Am I Funny Enough For Stand-up Comedy Or Am I Just Wasting My Time?

Sometimes I get difficult, if not impossible questions like:

Am I funny enough for stand-up comedy or am I just wasting my time?

Without knowing an individual personally or without reviewing a video of an individual performing stand-up comedy, there’s no way for me to tell.

But I can tell you what I know, which is:

Most people (roughly 60%-70%) who make the decision to jump into stand-up comedy have all the natural comedy talent they need to do well as a comedian.

The other 30%-40% simply don’t have the baseline talent needed to make any headway.

And there’s no way to learn to have talent or “write” oneself into having talent that is not there already.
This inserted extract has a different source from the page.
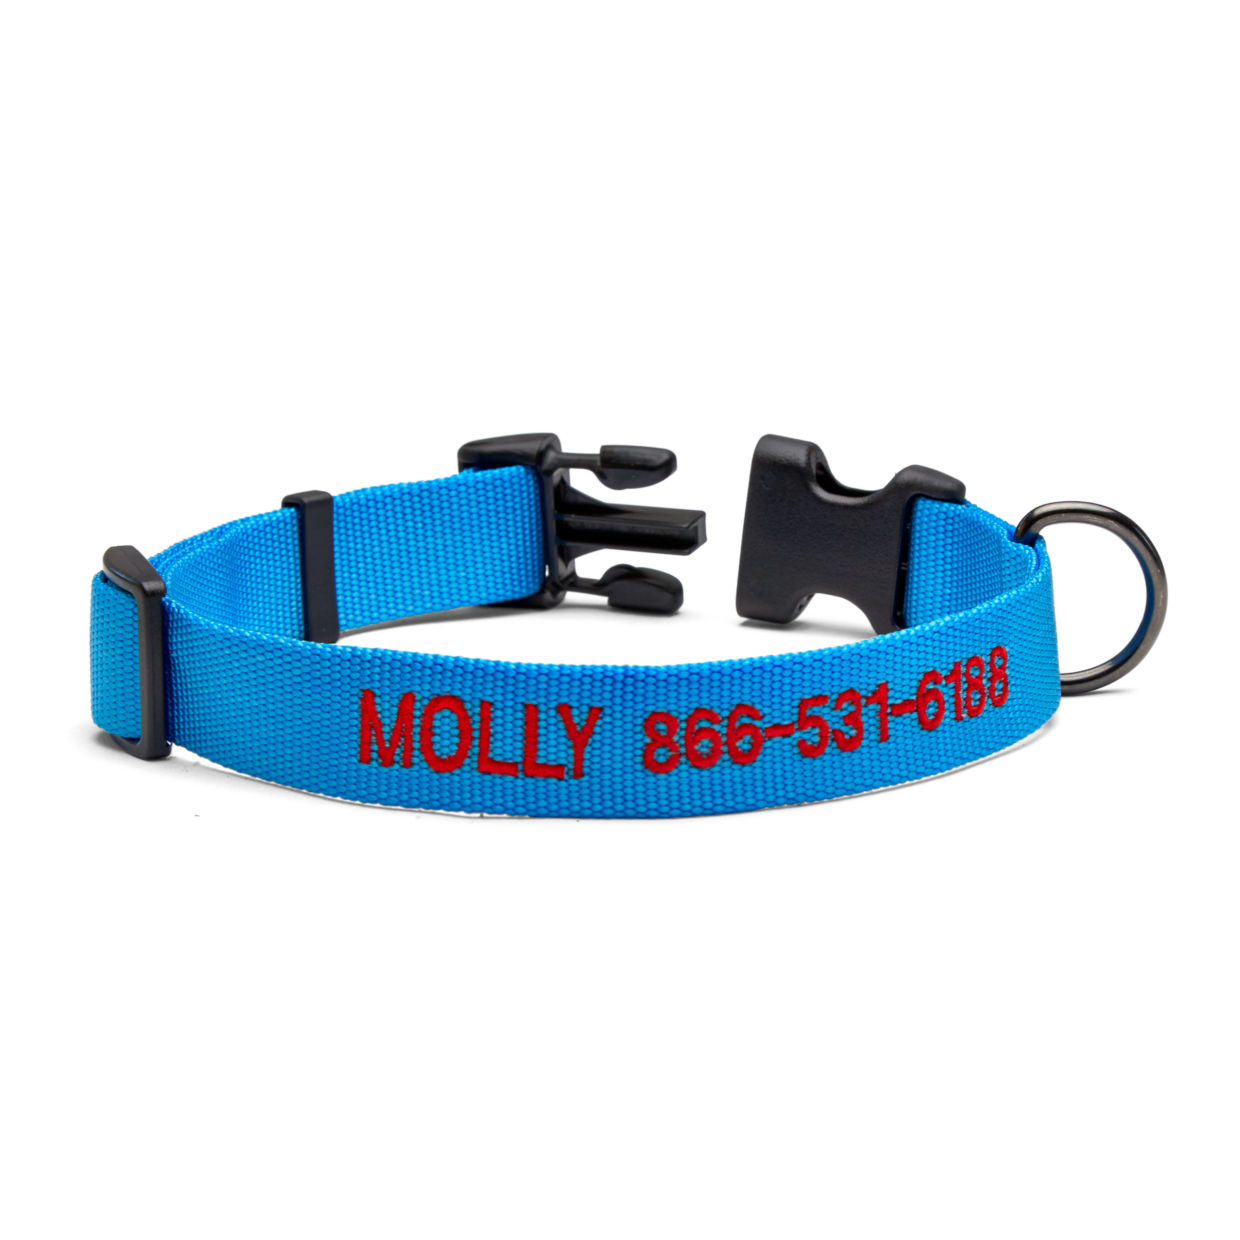 Side-Release Buckle Dog Collar

Anyone that makes an offer to “teach” someone how to somehow have talent is a scam artist for sure.

For the majority of those who do have all the natural comedy talent they need to do well as a comedian, success on stage really boils down to this (in a nutshell):

  • Recognizing what makes a person funny and capitalizing on those attributes
  • Structuring what a person wants to express to an audience to get 4-6+ laughs per minute (whether it be a one liner approach or topic based approach)
  • Professionally preparing to deliver their stand-up comedy material confidently, again capitalizing on the attributes that make that person funny in the first place

Ultimately, it will be the audience laughter response a comedian can generate with consistency that will determine if they are “funny enough” for stand-up comedy.

Most talented individuals were “comedians” long before they ever make the decision to get involved in stand-up comedy.
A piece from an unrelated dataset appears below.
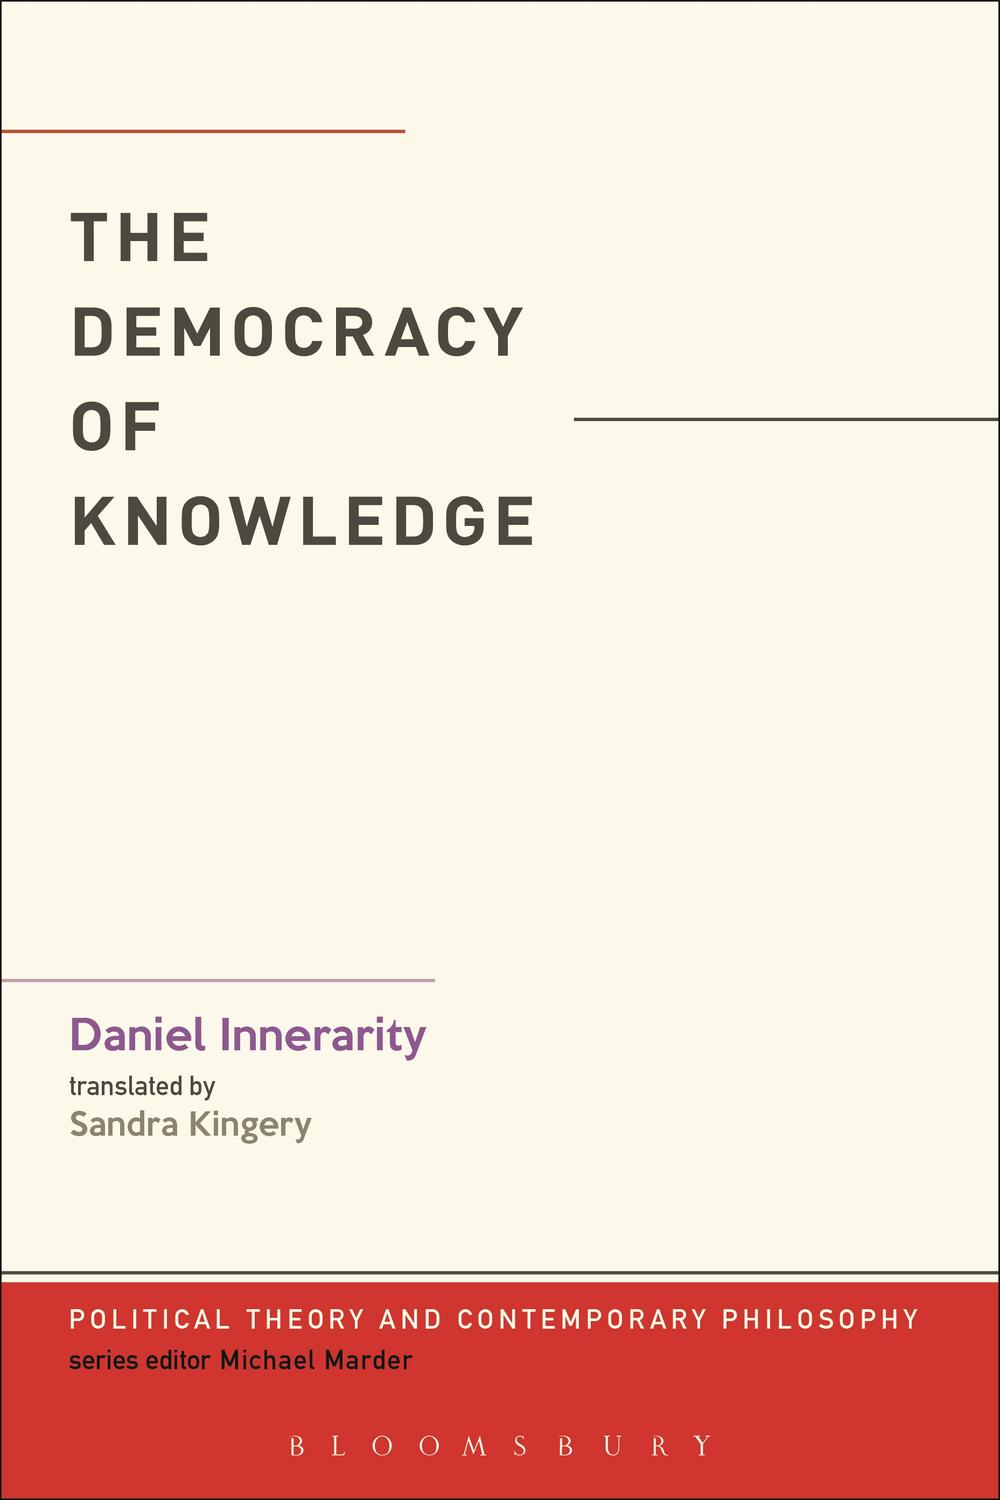 The Democracy of Knowledge - Daniel Innerarity, Sandra Kingery

They have already well developed expressive traits, communication “techniques”, mannerisms, etc. that are proven to work to generate laughs off stage and will usually work to generate laughs on stage.

Unfortunately, most new comedians get stuck in some sort of “writing” exercise, depending on “fabricating” mere words and sentences from a blank piece of paper when it comes to getting laughs.



That’s like trying to drive a car with only the steering wheel. While the steering wheel is certainly a critical element on an automobile, it doesn’t work well without the rest of the car.

The reality of the situation is that people don’t develop the sense of humor and comedy talent they have as a result of exchanging written messages with people their whole life. Writing is a completely different form of communication than talking in so many ways.

Yet somehow, people are led to believe that it is some sort of writing process that will propel a person into success as a comedian. Don’t get me wrong – stand-up comedy jokes and material should be written down because words and sentences are not visible or available for editing, restructuring or adjustment until they are.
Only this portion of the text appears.